There are some outcomes with more standardised instruments of measurement, such as the use of the simulator sickness questionnaire (SSQ). While this standardisation can be considered beneficial for the generalizability of such results obtained, there has been criticism against the use of the SSQ in HMD-based VR (Hirzle et al. 2021). It should also be noted that similar criticisms have been raised against the game experience questionnaire (GEQ) (Law, Brühlmann, and Mekler 2018) and against how the measuring of presence is approached in VR research (Slater 2009) with the suggestion that subjective and objective measures should be combined (Ijsselsteijn et al. 2000). This argument is also supported by evidence of the disconnect between self-reported predictions of behaviour and actual behaviours in VR (Slater et al. 2020). While such a combined approach is used sporadically to measure presence and social presence, the overwhelming majority of studies rely primarily on subjective self-reports for presence measurement.

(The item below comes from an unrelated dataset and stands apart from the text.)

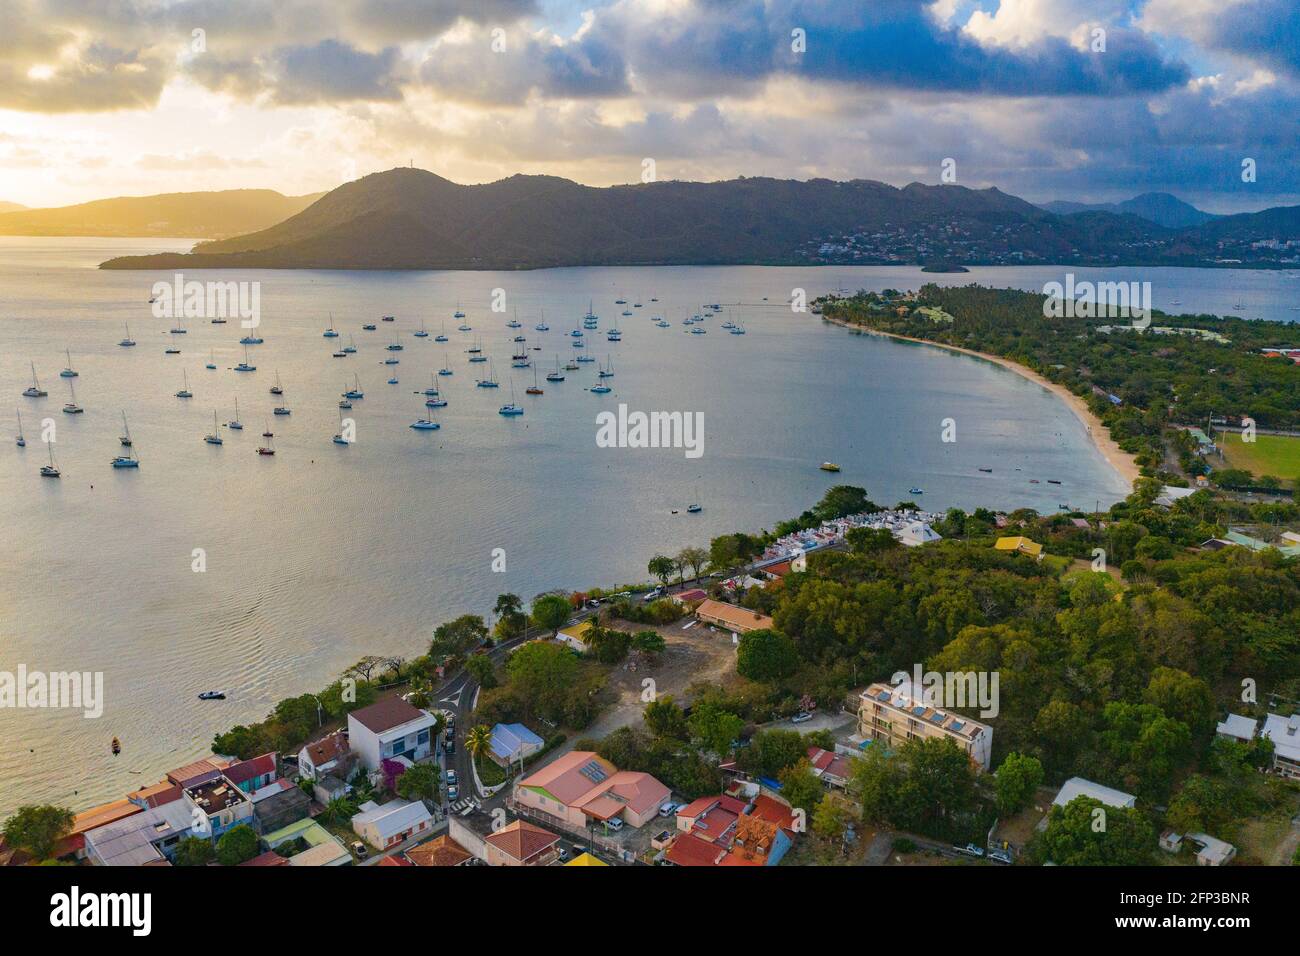 Sainte-Anne is the southernmost town of Martinique. It overlooks the magnificent bay which accommodates a large number of boats Stock Photo

4.3.2. Novelty bias is a likely confounding variable

Another possible reason for the lack of increase in certain outcomes with the introduction of audio is that of novelty bias of using a HMD to experience VR, since the experience might initially be new or unusual to many participants after which they acclimatise with repeated exposure, thus leading to unexpected results. Several of the included studies note this as a potential confounding factor, e.g. (Lind et al. 2017; McArthur 2016; Moraes et al. 2020; Oberman, Bojanić Obad Šćitaroci, and Jambrošić 2018; Rogers et al. 2018; Sikström et al. 2016a; Suarez et al. 2017; Vosmeer and Schouten 2017). The effect of this on the measured outcomes connected to audio feedback is expected to be more pronounced than for visual feedback since the experience of mediated binaural/spatial audio, which is the standard for many VR experiences, is expected to be novel to many participants within the context of media experiences (Lind et al. 2017). This might limit participants’ conceptual framework to understand and express their experiences connected to such sensory feedback within these types of experiences (Garner 2017, 38).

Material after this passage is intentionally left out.